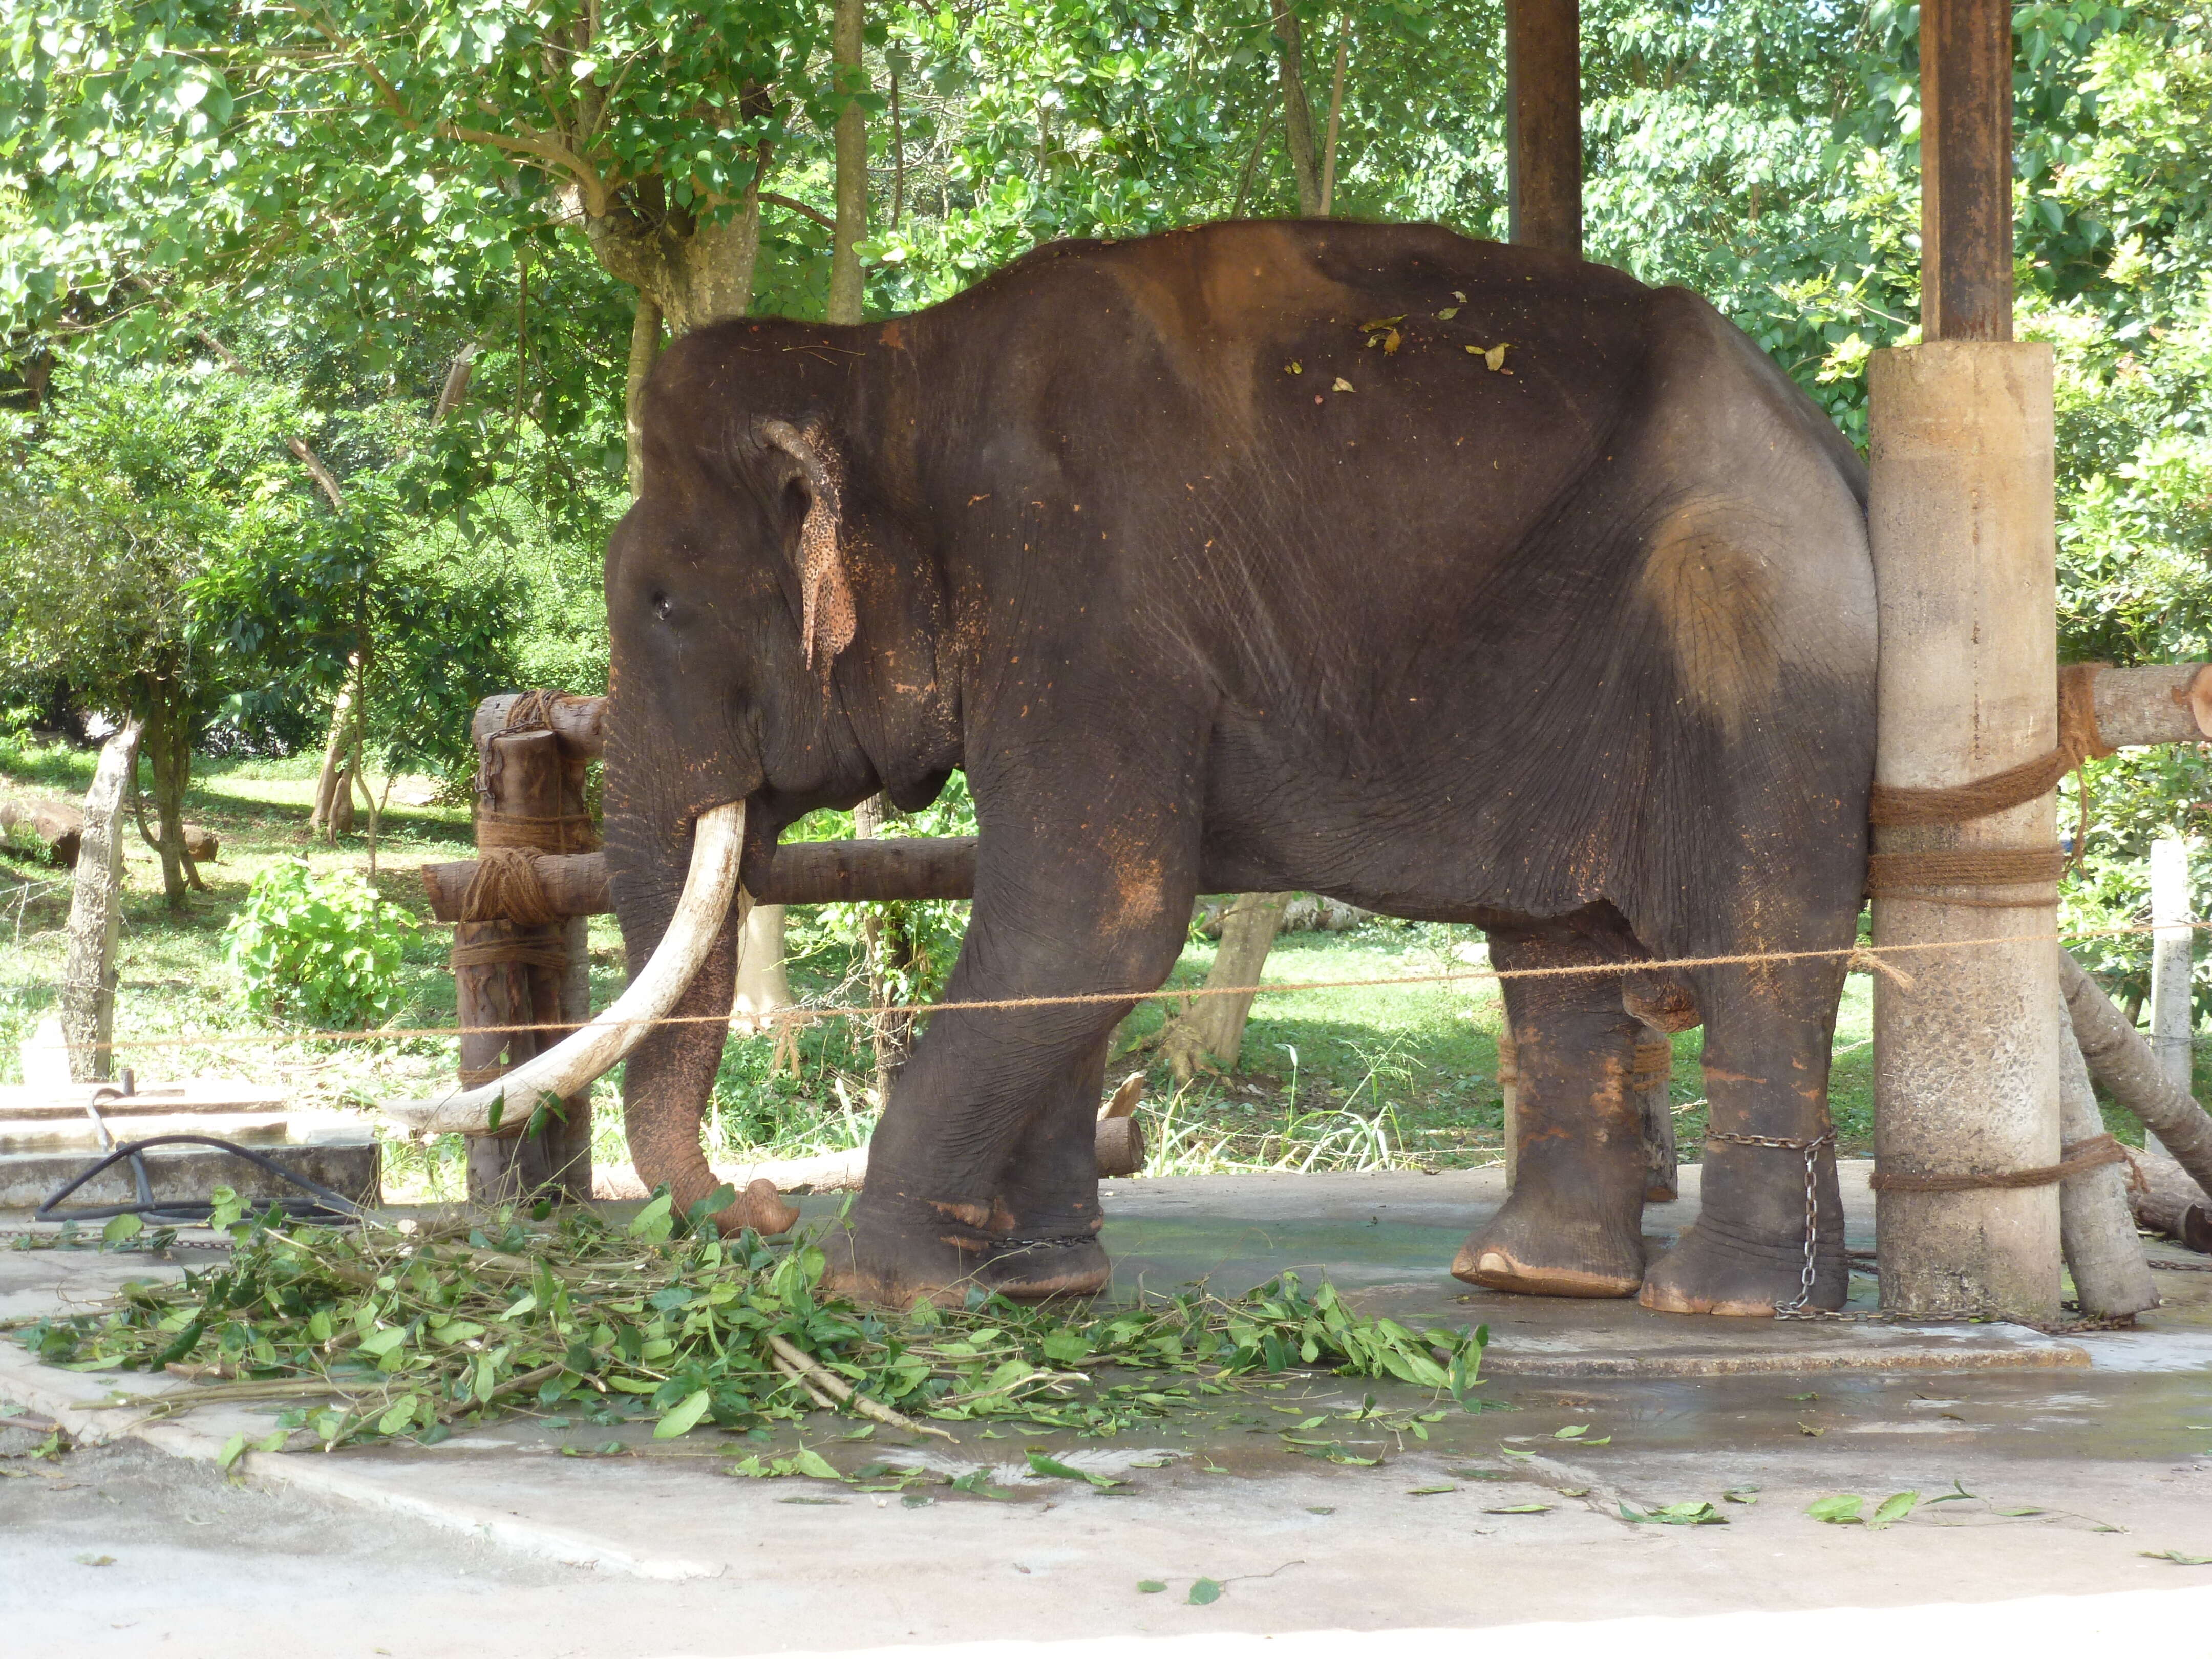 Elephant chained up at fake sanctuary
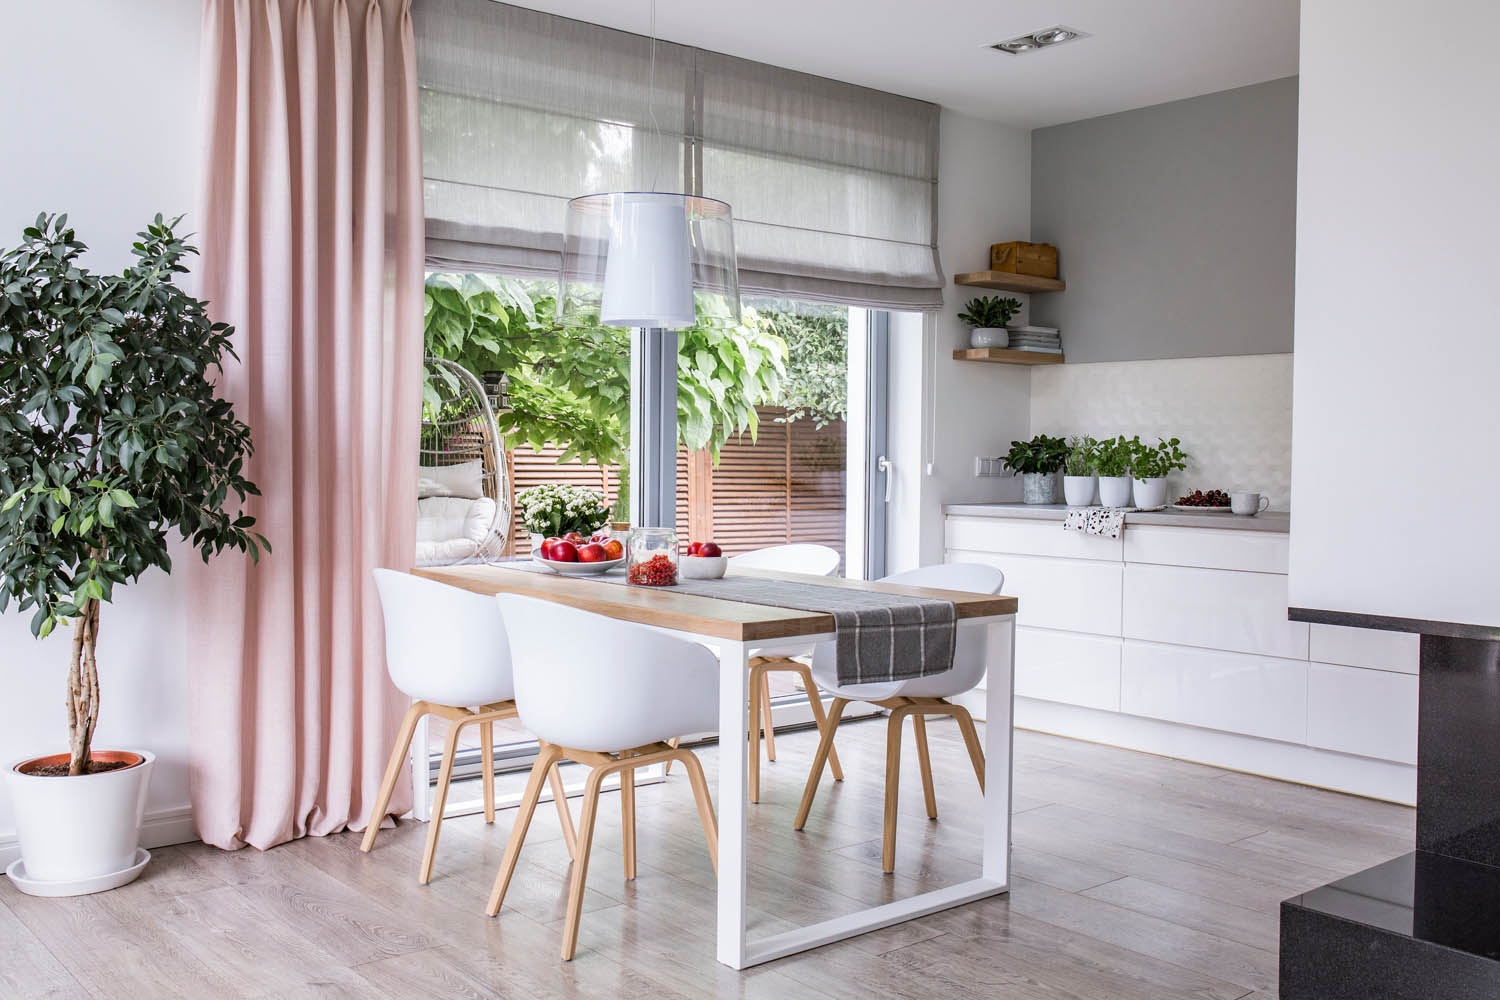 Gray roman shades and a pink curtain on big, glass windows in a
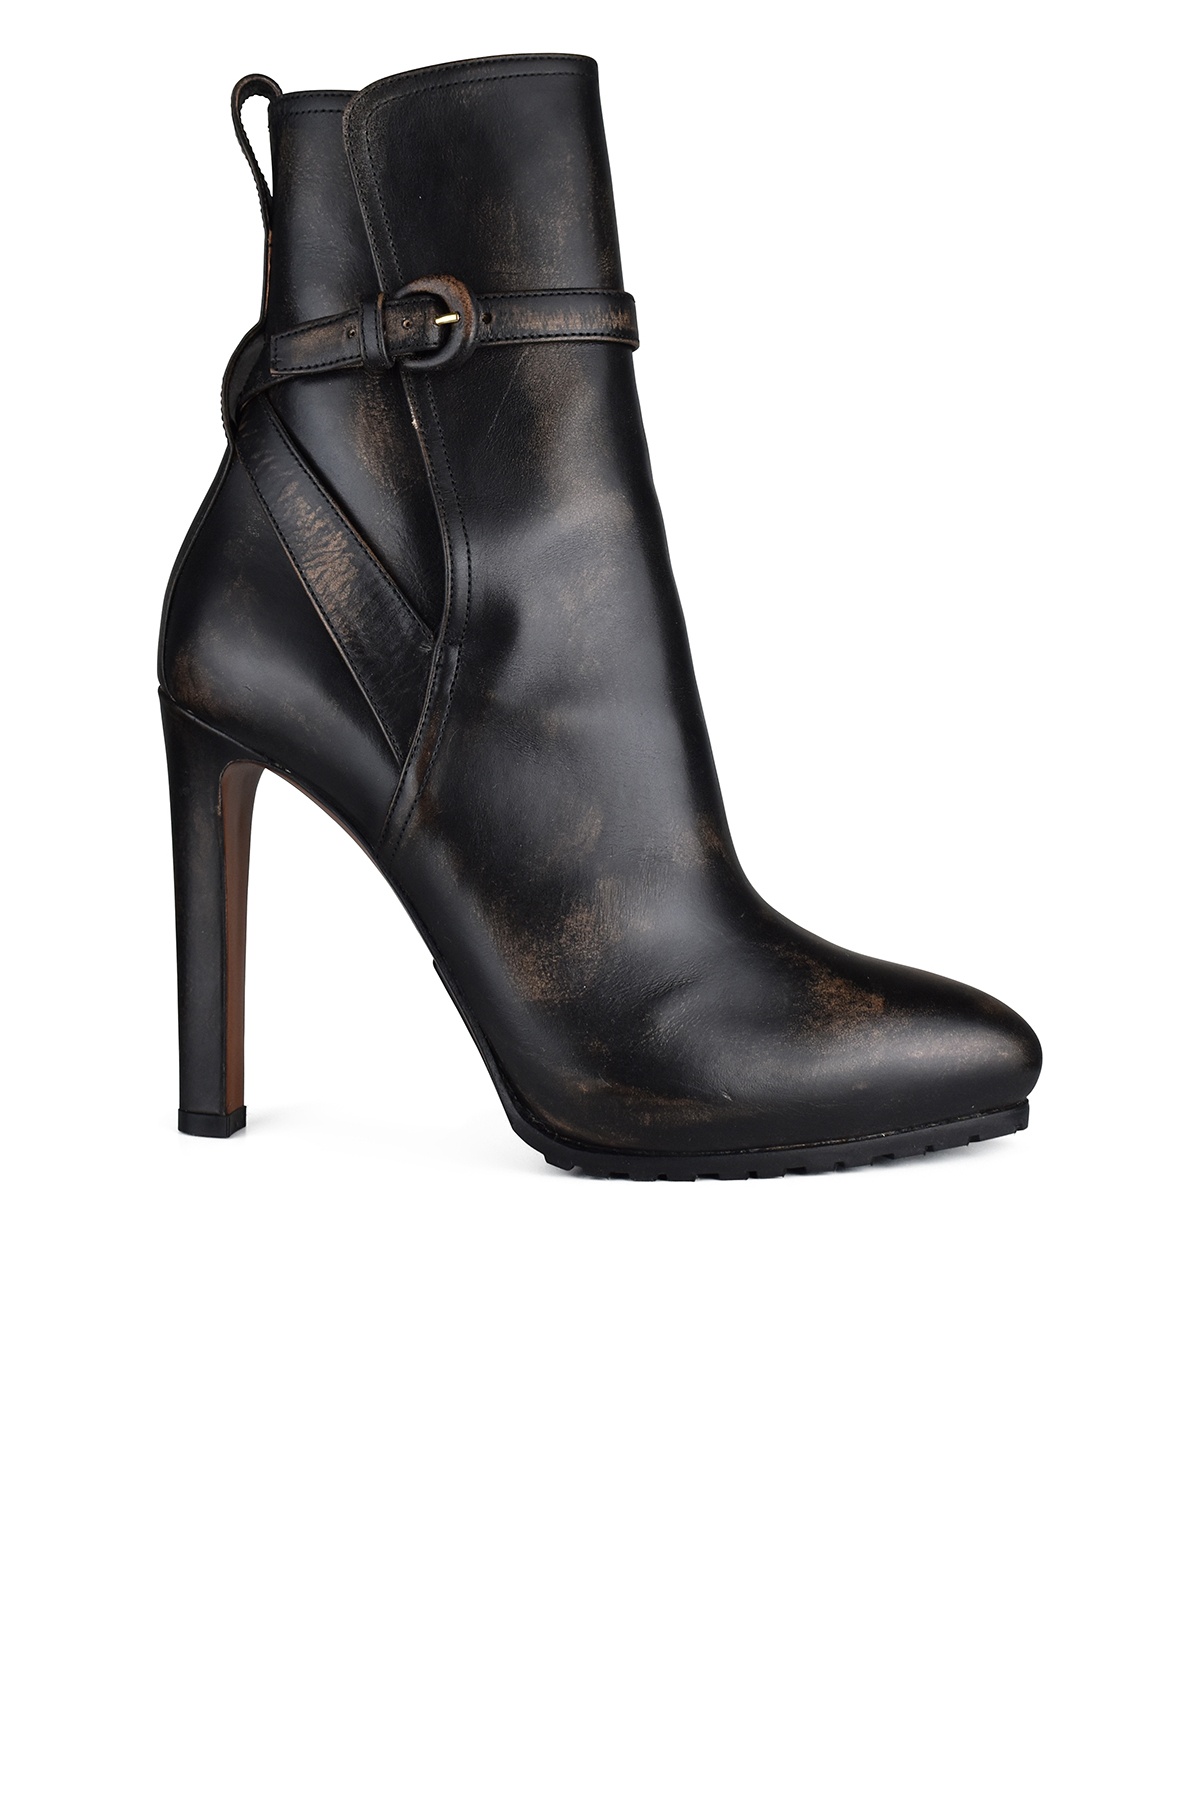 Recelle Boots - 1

▶ [WORK INSTRUCTIONS] Copy out every line of the material above exactly, skipping the pictures.

▶ [THE ANSWER]
 Elephant chained up at fake sanctuary
 Gray roman shades and a pink curtain on big, glass windows in a
 Recelle Boots - 1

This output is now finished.